### RAW DATA
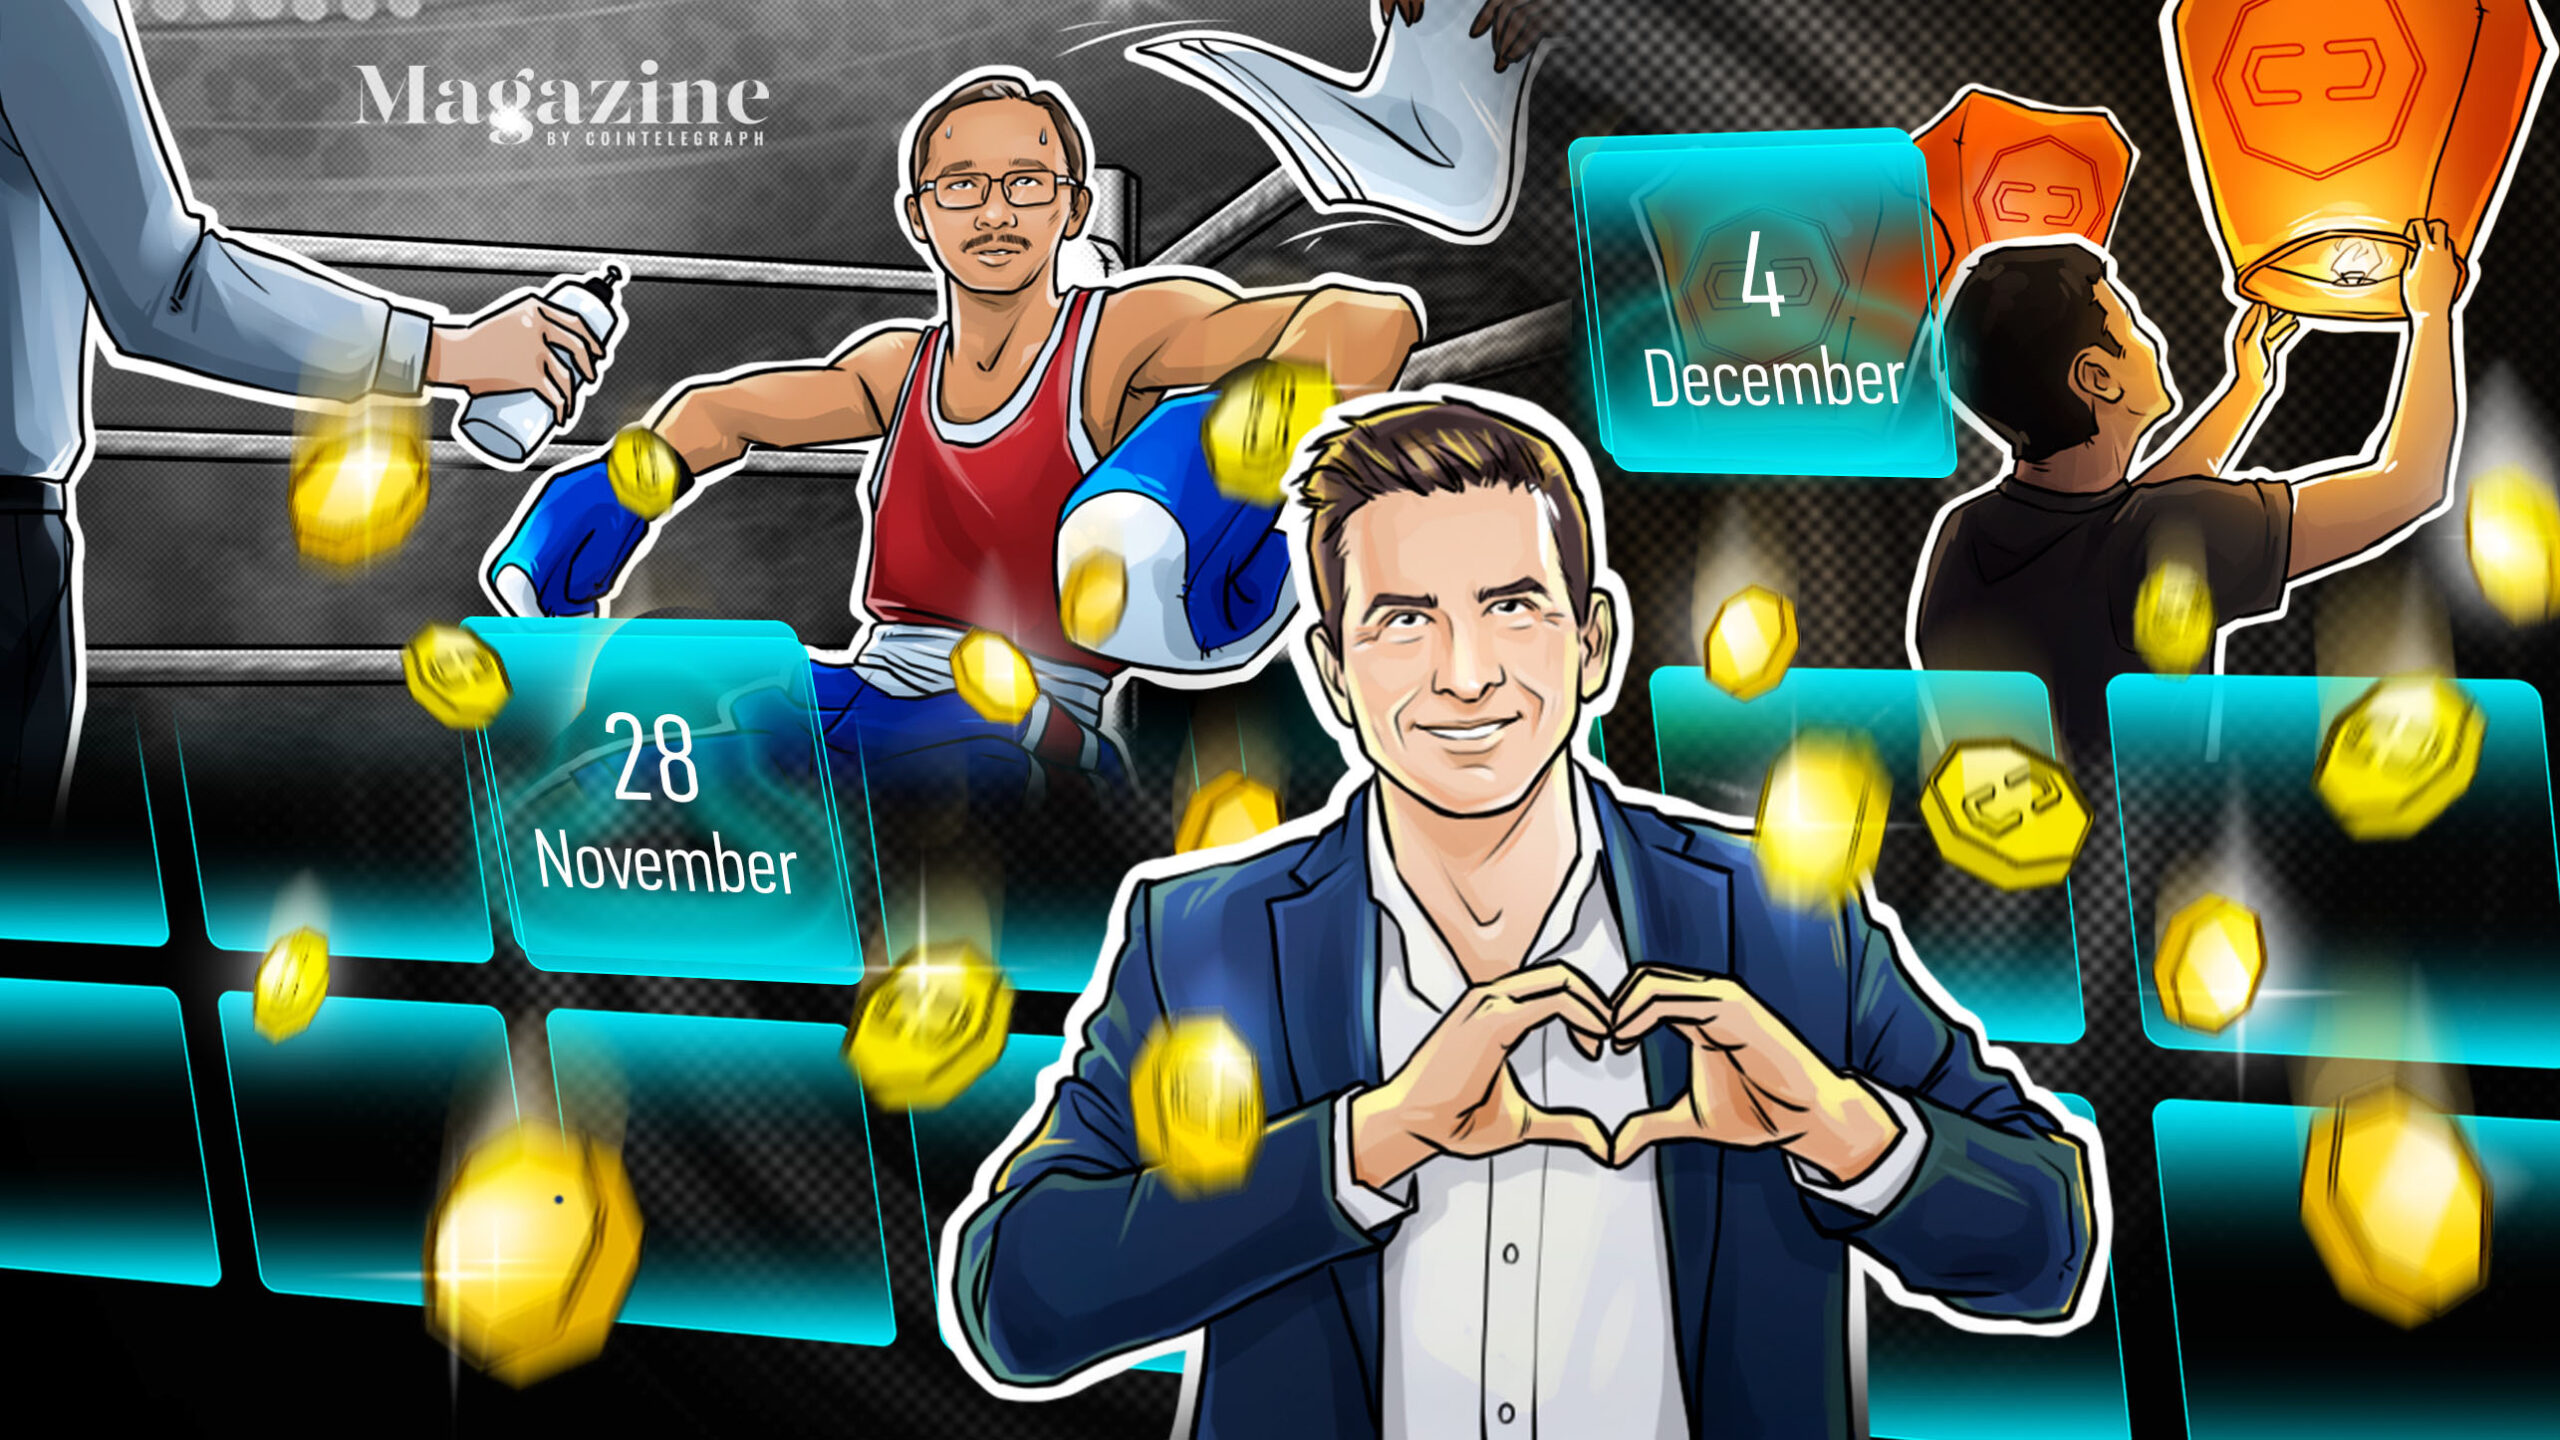 Jack-dorsey-steps-down-from-twitter,-microstrategy-snaps-up-7k-btc-and-square-rebrands-to-block:-hodler’s-digest,-nov-28-dec.-4
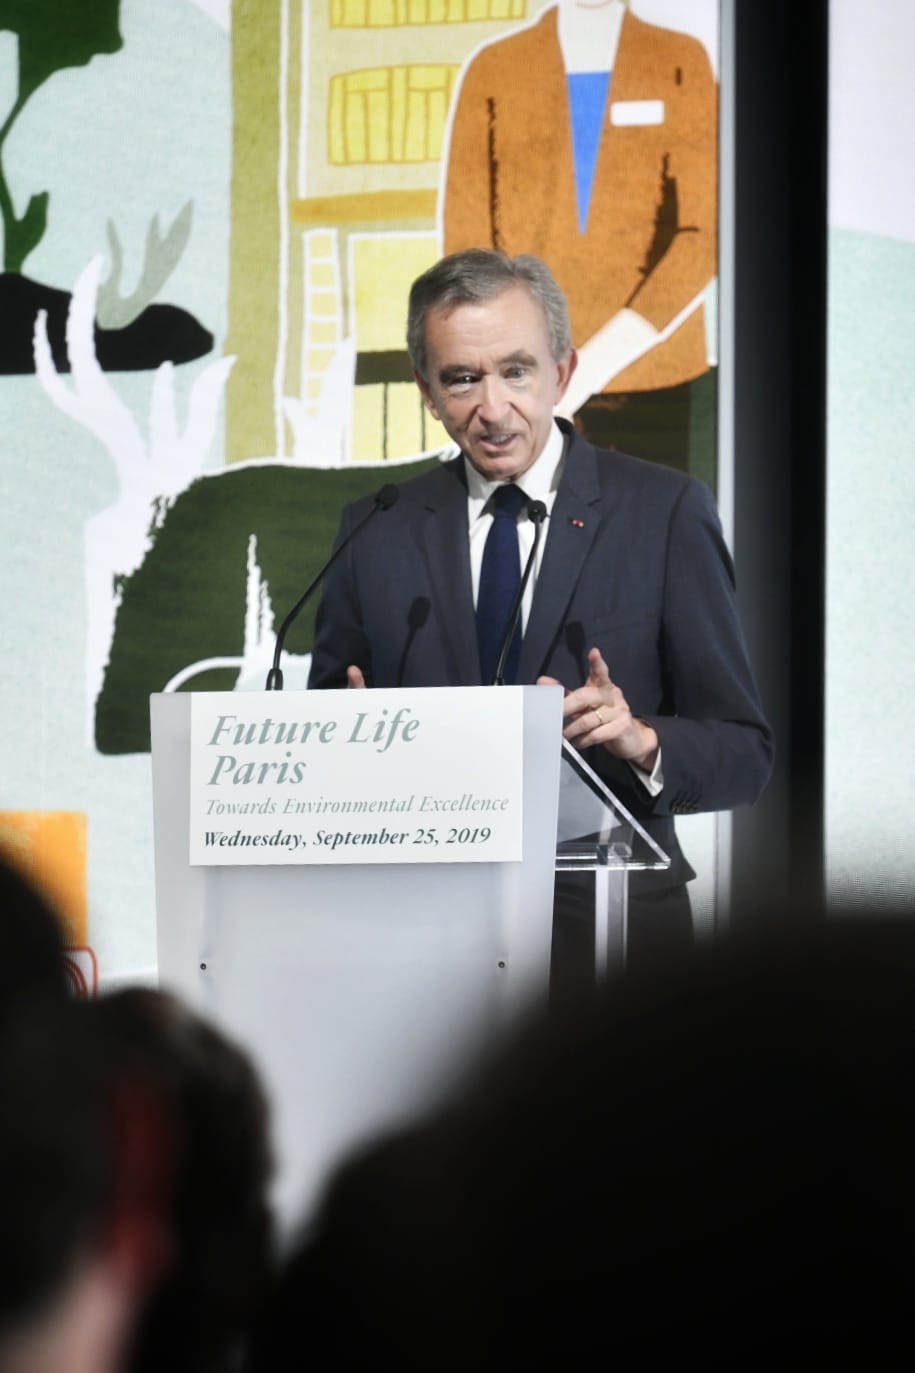 LVMH outlines new biodiversity strategy, Fashion & Retail News
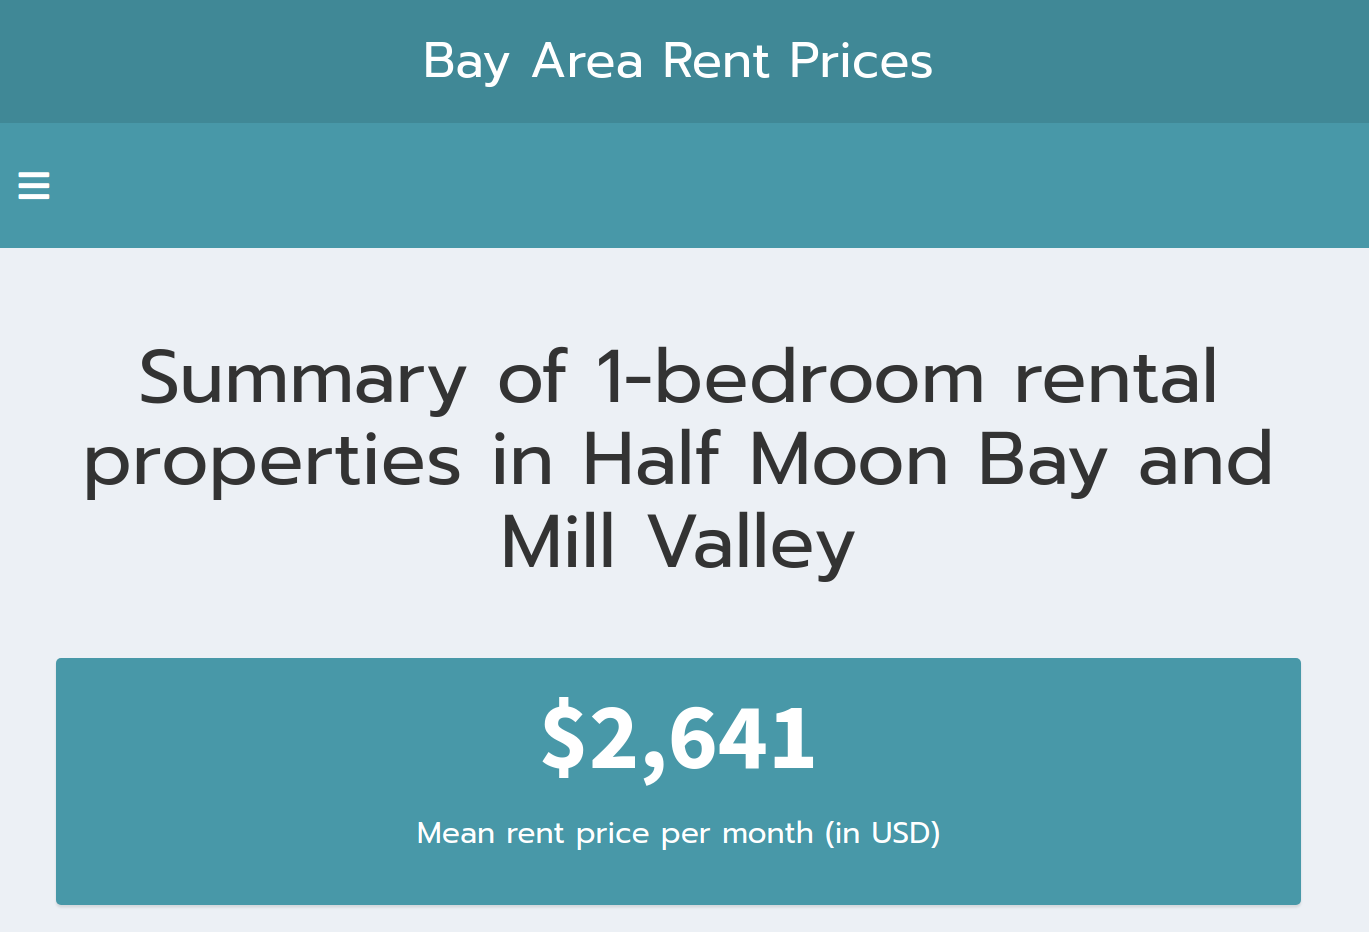 {shinydashboard} with custom Prompt font. Bay Area rent prices withstyling as described with the CSS edits.
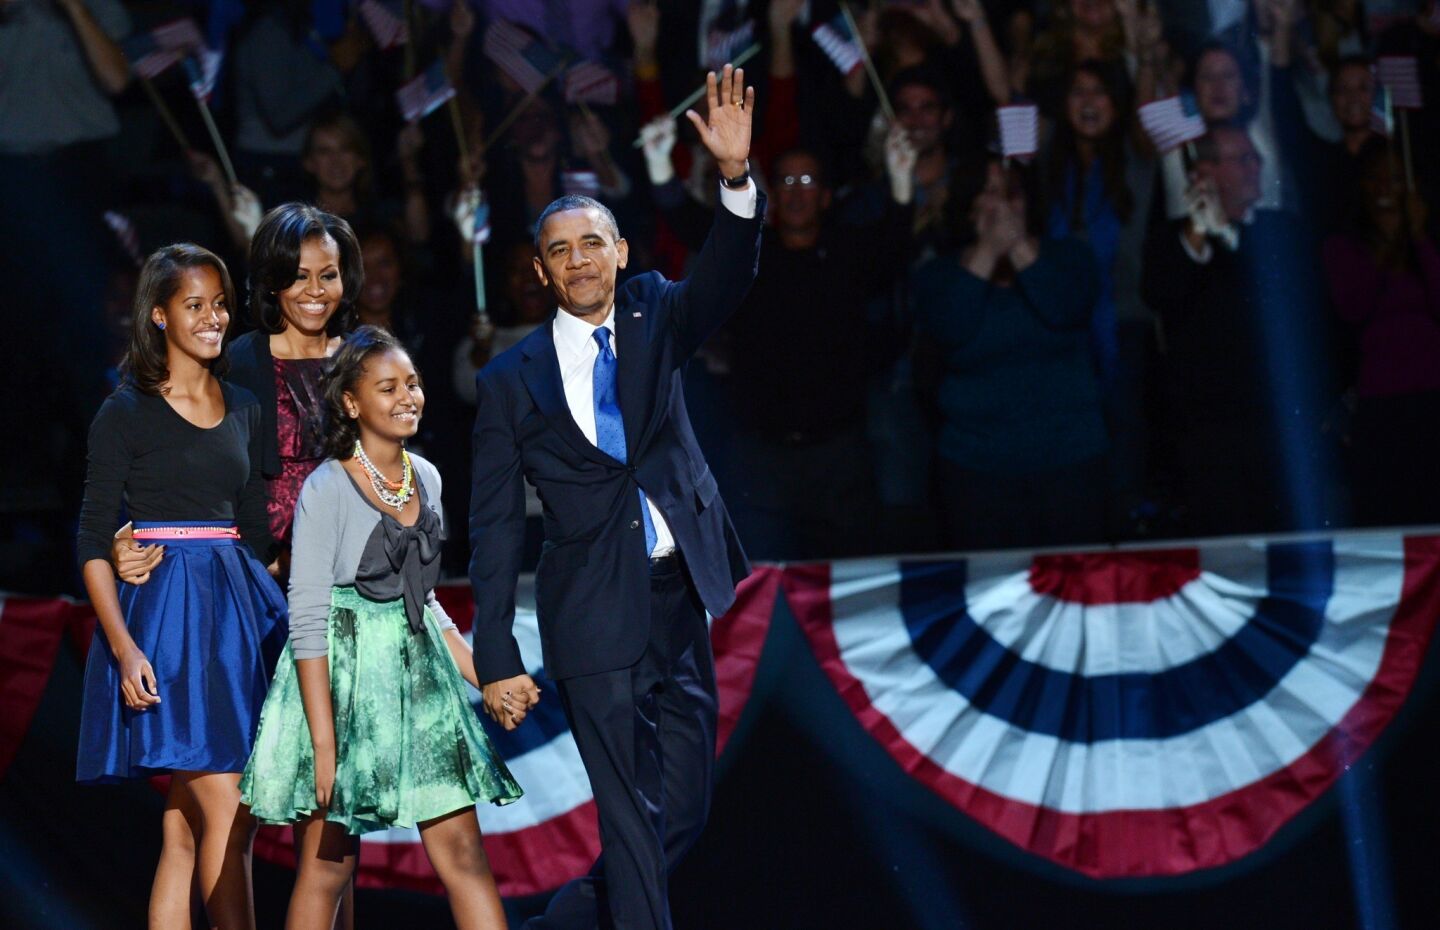 President Obama and his family arrive onstage after his victory in the 2012 presidential election.

### ABOUT THIS TASK
This exercise asks for an exact copy of the lines from the first one in the data through the line that contains "LVMH outlines new", pictures excluded.

### PROBLEM SOLUTION
 Jack-dorsey-steps-down-from-twitter,-microstrategy-snaps-up-7k-btc-and-square-rebrands-to-block:-hodler’s-digest,-nov-28-dec.-4
 LVMH outlines new biodiversity strategy, Fashion & Retail News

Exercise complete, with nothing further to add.